Situation at a glance

-- On 21 March 2026, the National International Health Regulations (IHR) Focal Point for Italy notified the World Health Organization (WHO) of the identification of a human case of avian influenza A(H9) in an adult male returning from Senegal. 

- Next generation sequencing confirmed Influenza A(H9N2). 

- According to epidemiological investigations, the patient had no known history of exposure to poultry or any person with similar symptoms prior to the onset of symptoms. 

- Authorities in Italy have implemented a series of measures aimed at monitoring, preventing and controlling the situation. 

- According to the IHR (2005), a human infection caused by a novel influenza A virus subtype is an event that has the potential for high public health impact and must be notified to the WHO. 

- This is the first imported human case of avian Influenza A(H9N2) reported in the European Region. 

- Based on currently available information, WHO assesses the current risk to the general population posed by A(H9N2) viruses as low but continues to monitor these viruses and the situation globally.

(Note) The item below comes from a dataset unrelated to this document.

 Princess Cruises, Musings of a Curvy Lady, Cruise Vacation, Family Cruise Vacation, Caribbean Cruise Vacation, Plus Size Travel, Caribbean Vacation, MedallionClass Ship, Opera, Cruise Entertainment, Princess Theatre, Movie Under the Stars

Description of the situation

-- On 21 March 2026, the National IHR Focal Point for Italy notified WHO of the identification of a human case of avian influenza A(H9) in an adult male.

-- The patient had been in Senegal for more than six months and traveled to Italy in mid-March. Upon arrival, he visited the emergency department with a fever and a persistent cough.

-- On 16 March, a bronchoalveolar lavage specimen was collected, which showed a positive Mycobacterium tuberculosis result, as well as detection of un-subtypeable influenza A virus. The patient was placed in a negative-pressure isolation room with airborne precautions. He was treated with antitubercular medication and antiviral oseltamivir. By 9 April, his condition was stable and improving.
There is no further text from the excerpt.